▶ **Task details**: Below is a listing to copy exactly; no image goes into the copy.

▶ **Dataset excerpt**:
********************
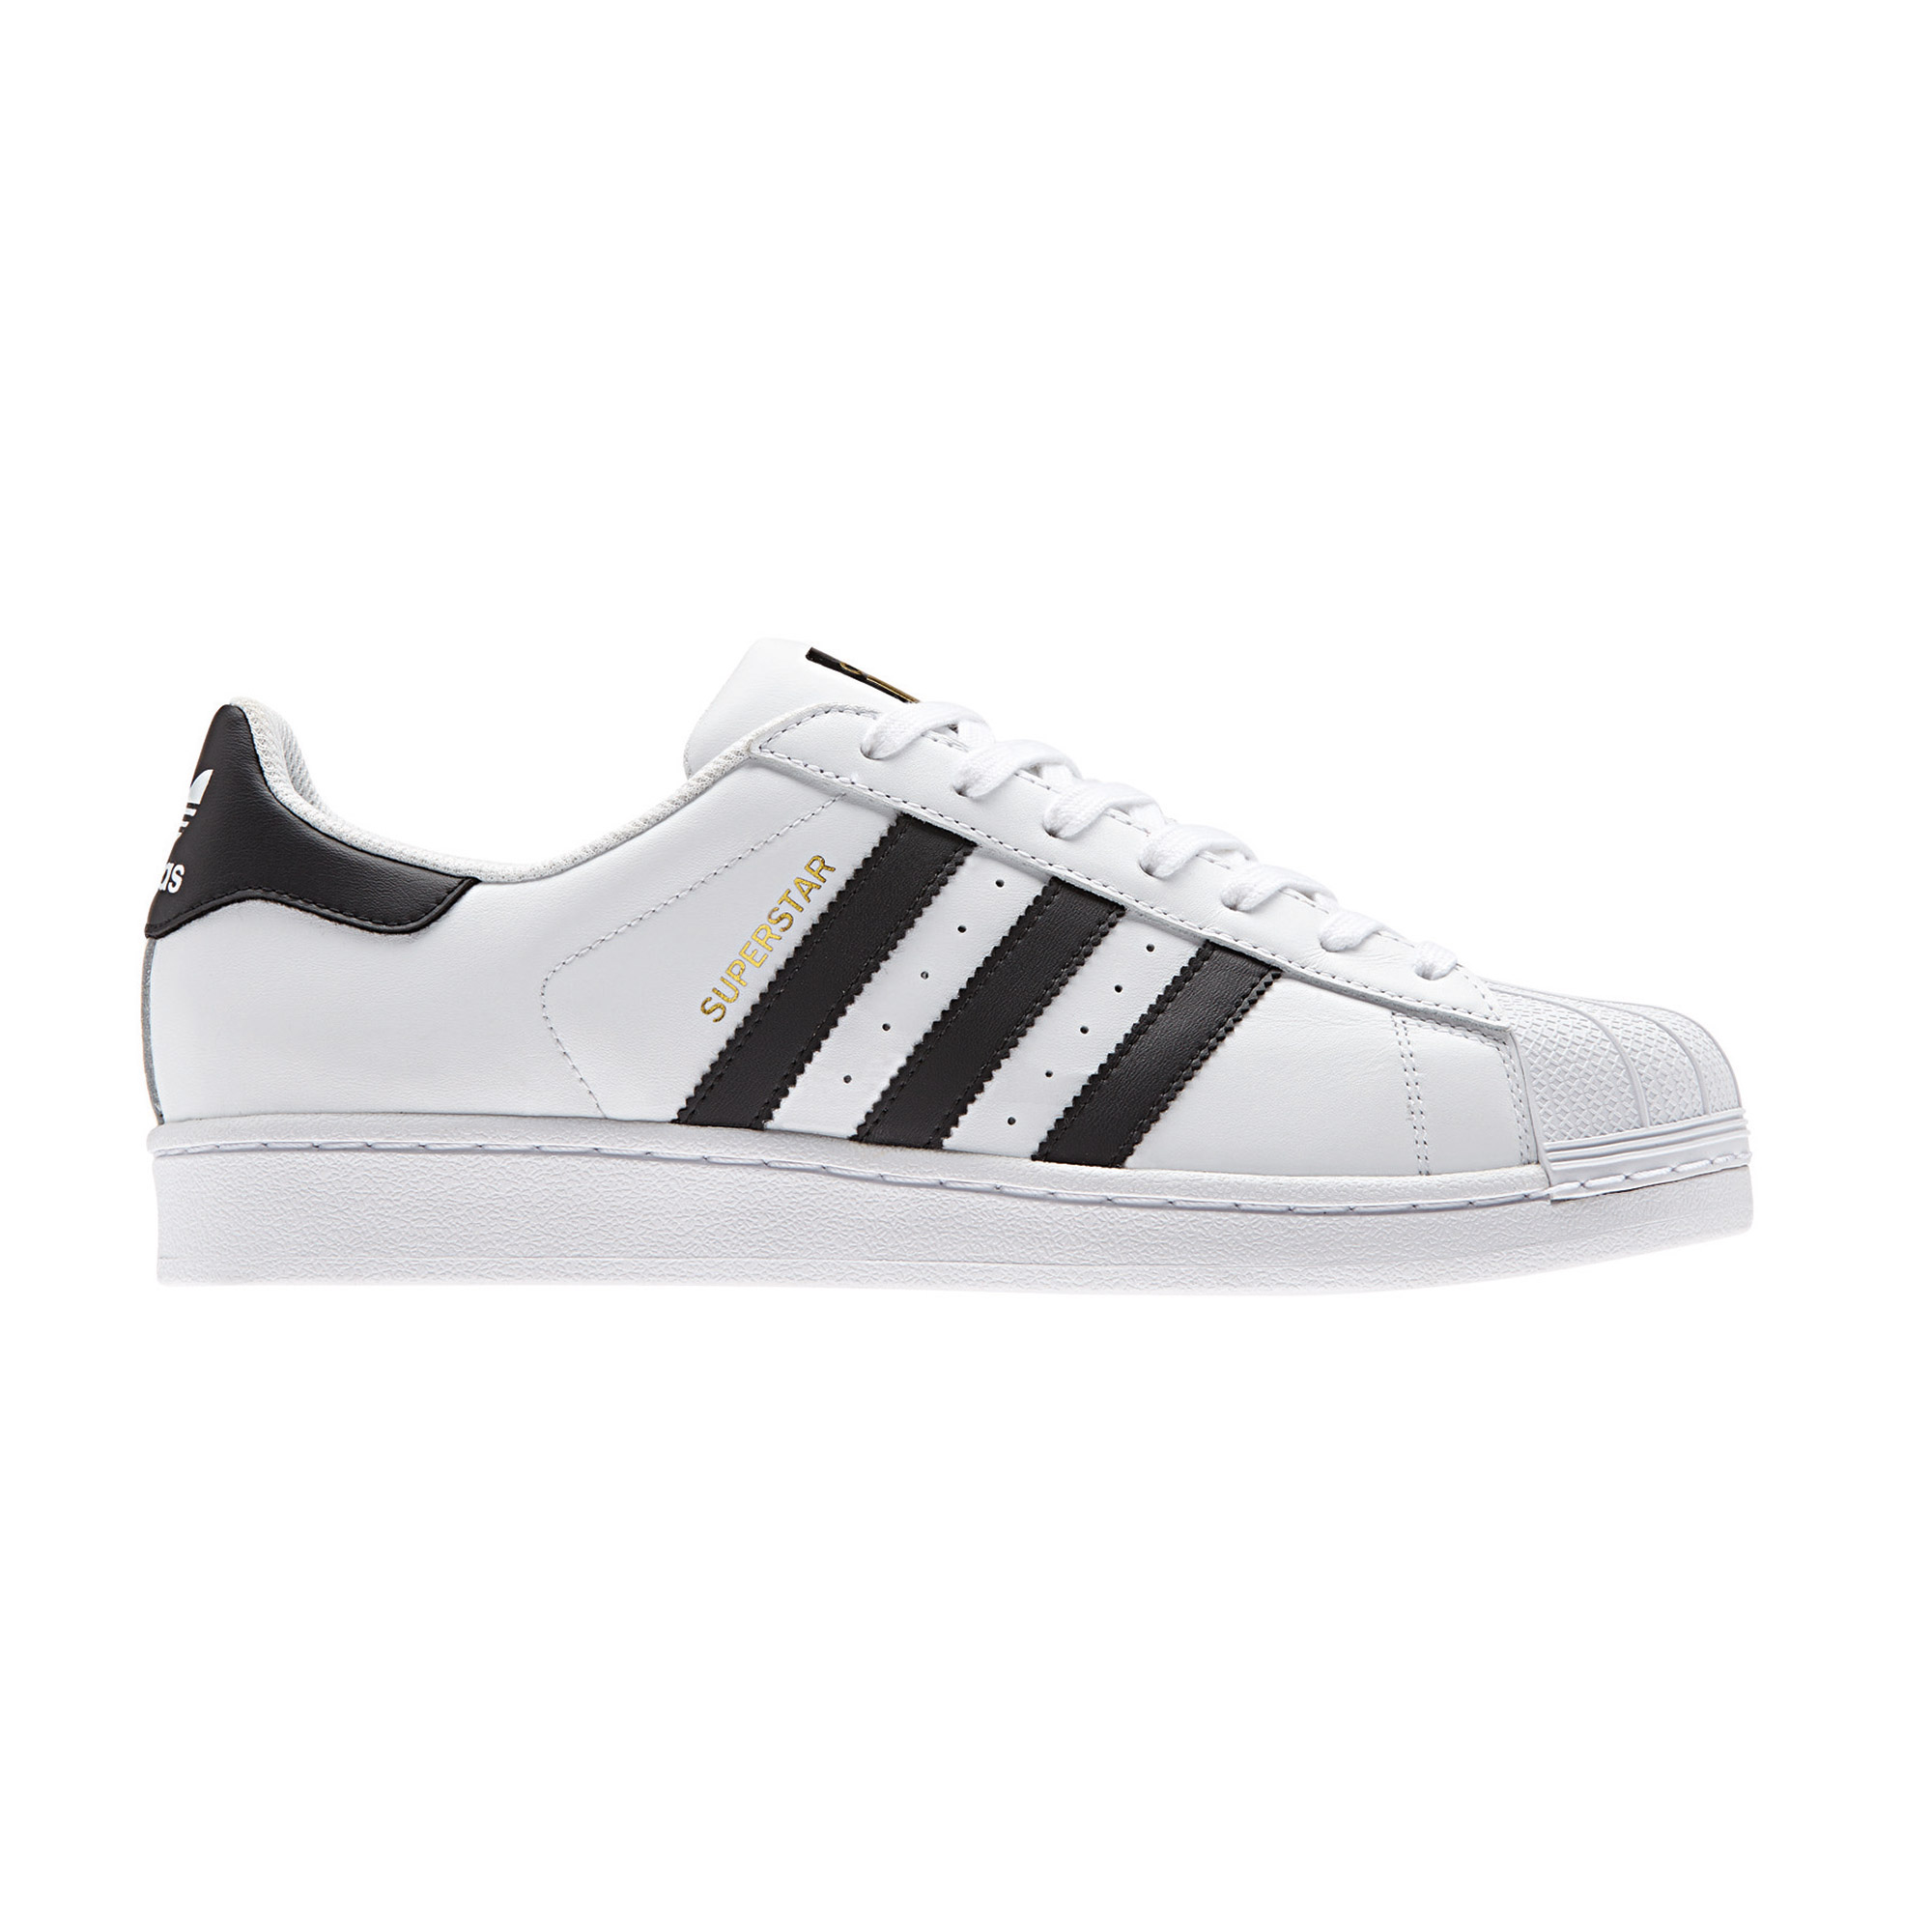 Adidas Superstar Ii Schoenen
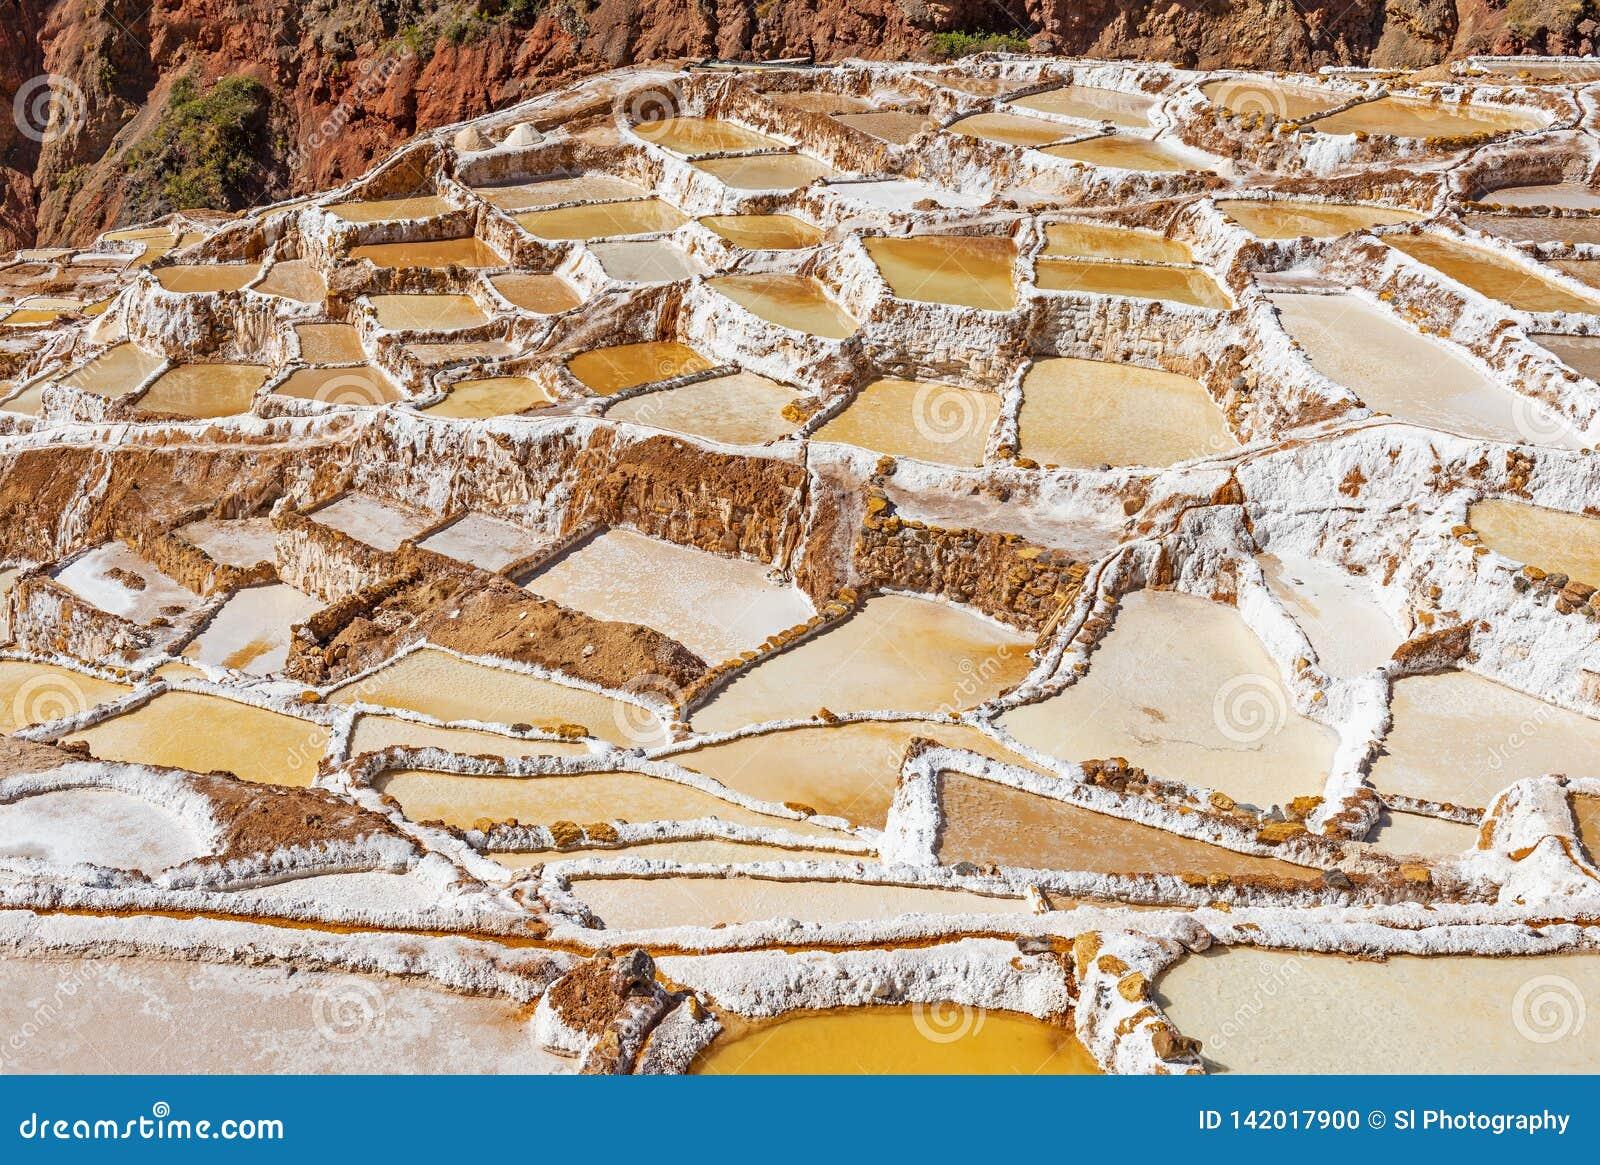 Maras Salt Terraces near Cusco, Peru
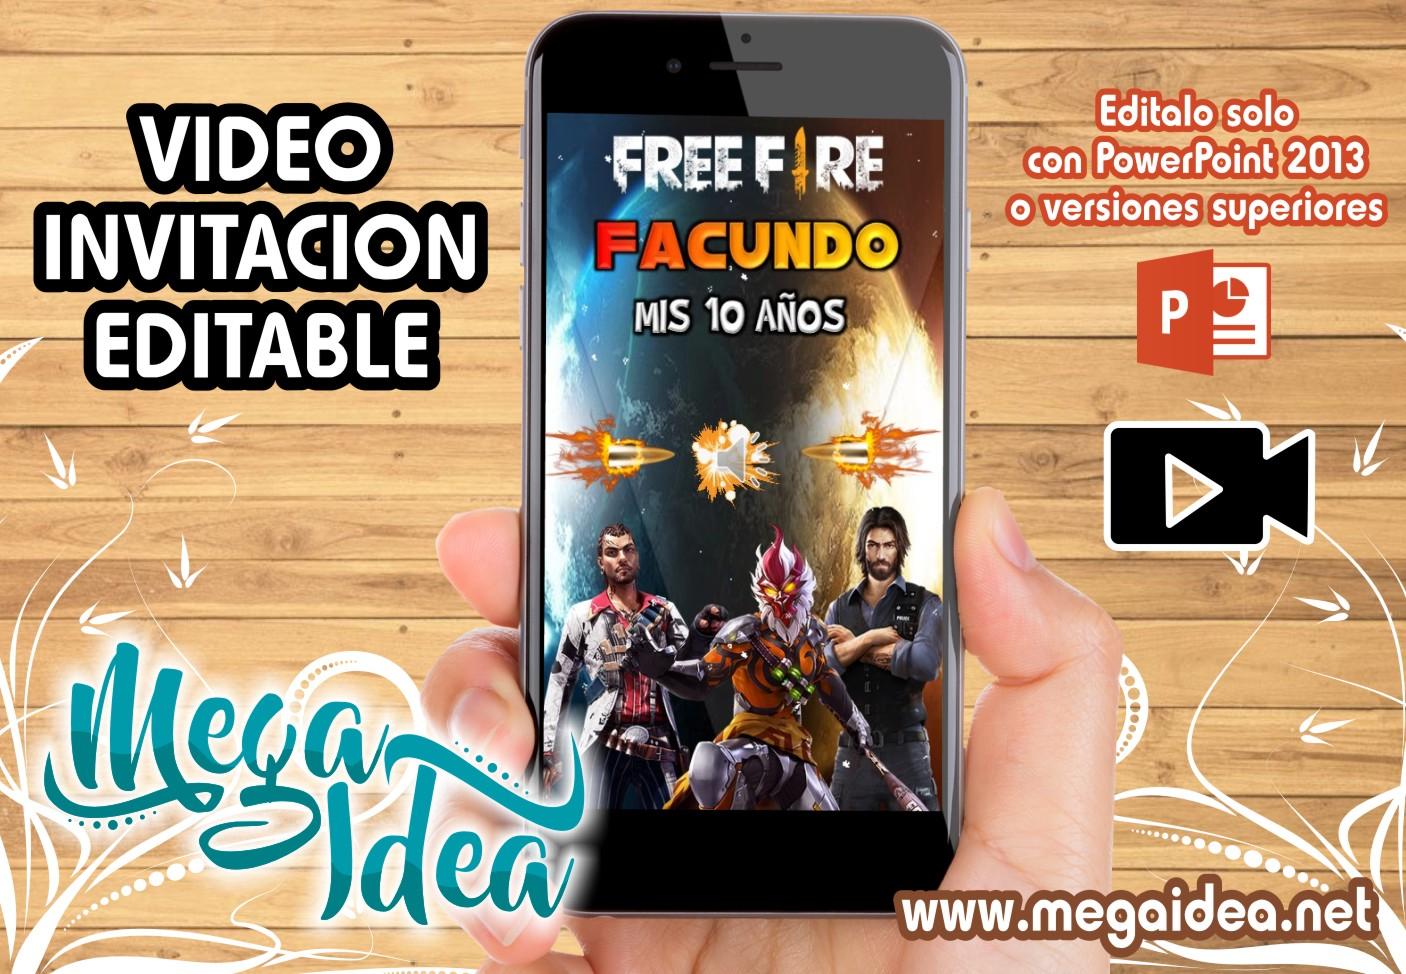 VIDEO Invitacion FREE FIRE
********************
▶ **Result of this task**:
 Adidas Superstar Ii Schoenen
 Maras Salt Terraces near Cusco, Peru
 VIDEO Invitacion FREE FIRE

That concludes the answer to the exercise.